Yes my welder has the 2 different polarity for either flux core or bare wire.. im 100% thats setup for how it should be set up right now,

I need to get that gel to dip the gun into... but havent gotten around to it..

If i go over 12-20 psi... seems like just kinda sputters.. almost like to much psi is running through it. so Ive been keeping it at 5-10psi.

By reading online, argon/co2 mix will def give me a cleaner weld but figured since i had a full tank of straight CO2 Id use it up and practice... also states that straight CO2 will give me a sloppier weld. But before getting the mix, im concerned about the sputtering unless maybe the mix will prevent this?
Would I be running similar pressures with argon/co2 mix VS straight CO2>?
How would me using the flux core setup without gas do on a bike frame? Strong enough?
 
The gas is just the sheild to keep porosity at a minumum for a clean solid weld. I can't see how it effects the weld being set higher. The excess gas will just blow away. I can see a problem set too low as the gas will not sheild the weld. As far as flux core, I find that it will have a little slag and is not as clean as the gas sheilding.
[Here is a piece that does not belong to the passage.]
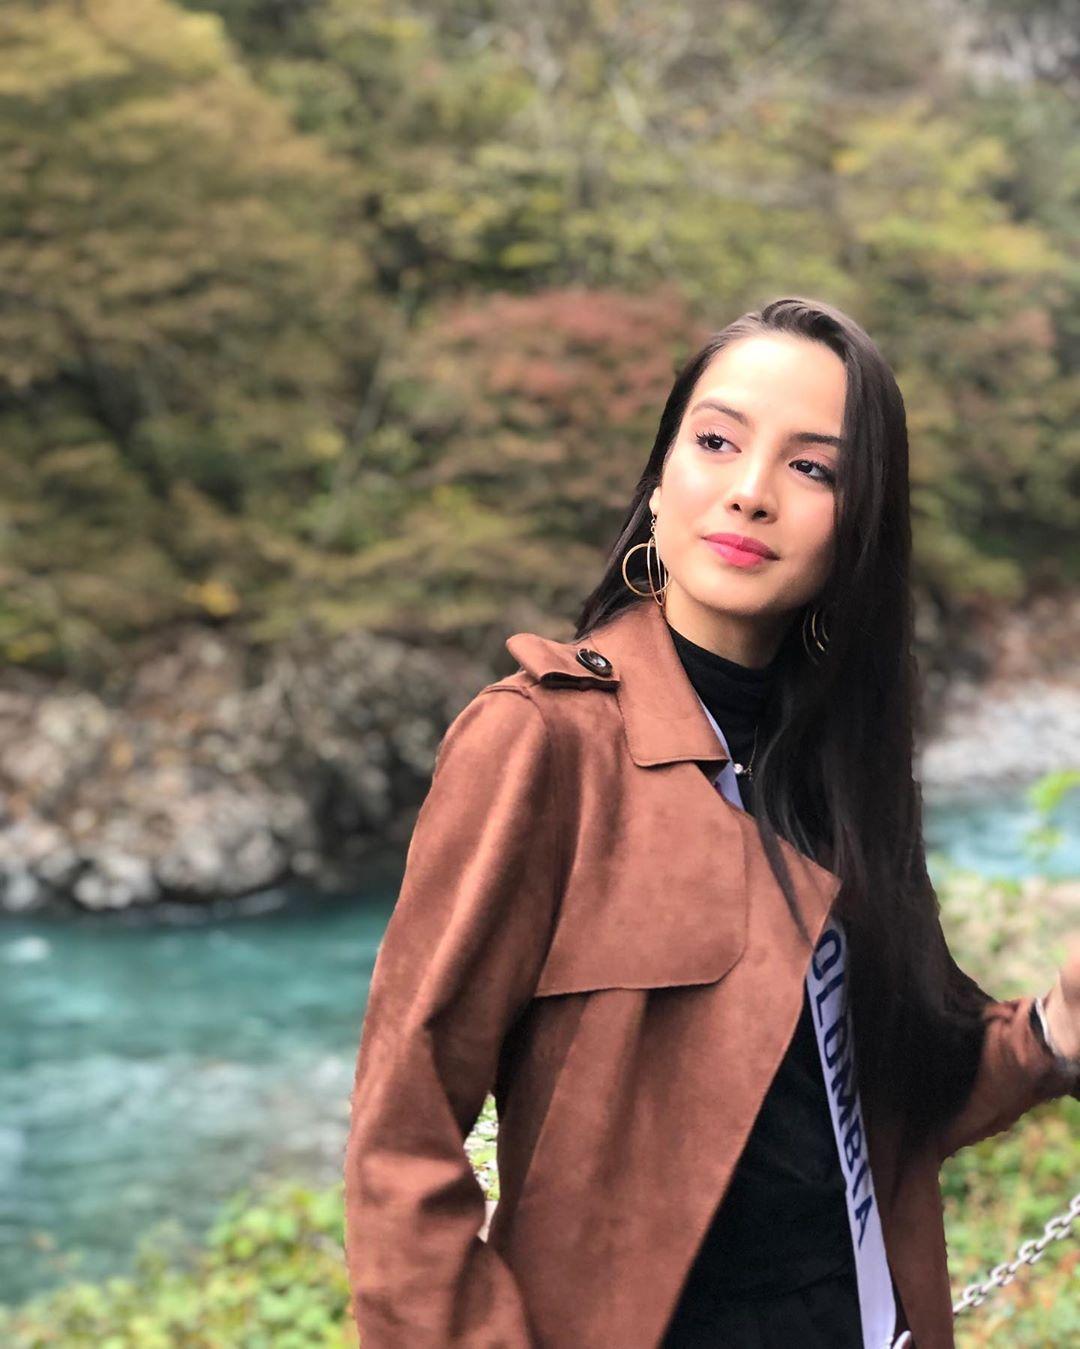 maria alejandra vengoechea, miss colombia hispanoamericana 2021/3rd runner-up de miss international 2019. - Página 5 75207310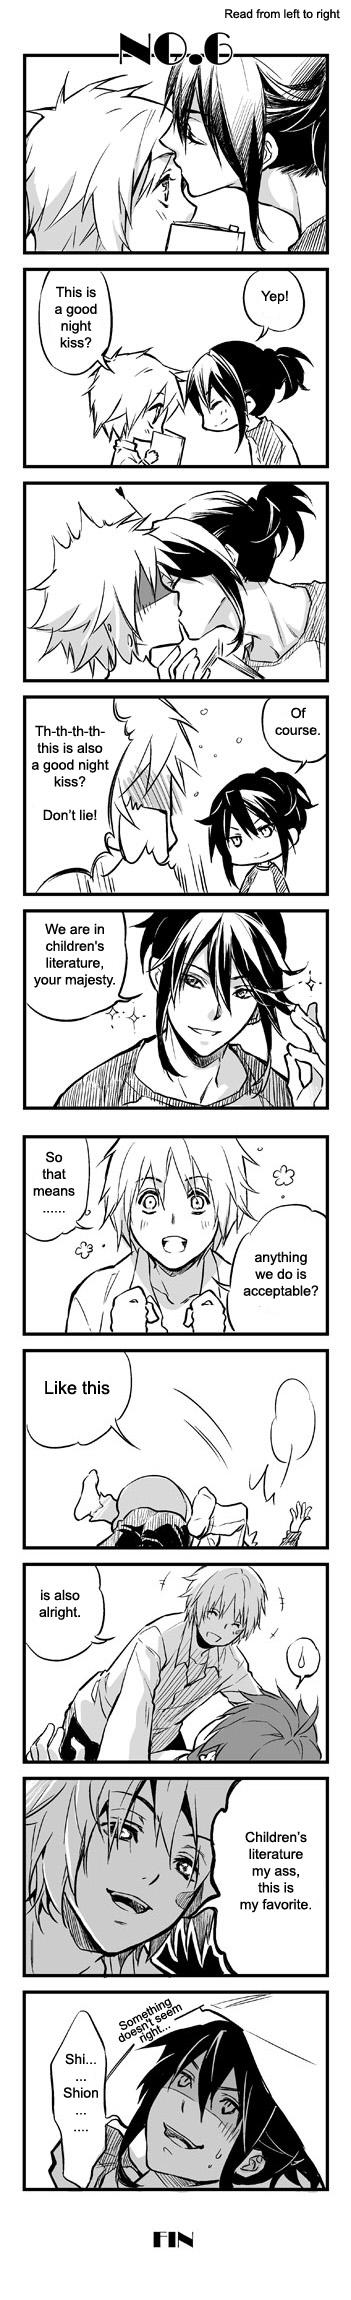 Tags: Anime, No.6, Shion (No.6), Nezumi (No.6), Artist Request, Comic, NezuShi

It's great for welding outdoors when the wind might blow away your sheilding gas. I don't find any difference in weld strength. The goal is to get good solid penetration and both methods have worked for me. Practice a bead and cut it in half to see how effective your your weld is. Again good luck, I know you can do it.
 
I use a 75 percent argon 25 percent CO2 gas on my mig. .023 wire
Sputtering could be to slow of wire speed or dirty metal. Weld area must be spark-ally clean. No paint,rust grease etc etc.
 
My flux core welds as strong as gas. I haven't had a weld break yet. Since you have full heat adjustment, you might try using a grinder to bevel the ends of the tubes you are putting together. Not much, just a little, like half the thickness of the steel. Then start at around 40A(increase if needed after checking that weld). The thinner metal where beveled will allow you better penetration with less heat, and you will also have a "V" all of the way around the tube that as you weld you are also filling in. Not only does this strengthen the weld but keeps it a little cleaner and gives you a more defined area to follow with your tip. I'm no pro, but I've been welding a lot of steel frames over the past few years and this has helped.
 
g-ratter said:
I use a 75 percent argon 25 percent CO2 gas on my mig. .023 wire
Sputtering could be to slow of wire speed or dirty metal. Weld area must be spark-ally clean. No paint,rust grease etc etc.

Too fast of wire speed could also be the problem, if the wire moves too fast and hits a solid base metal before it's hot enough to melt it will sputter and bounce the "gun" around.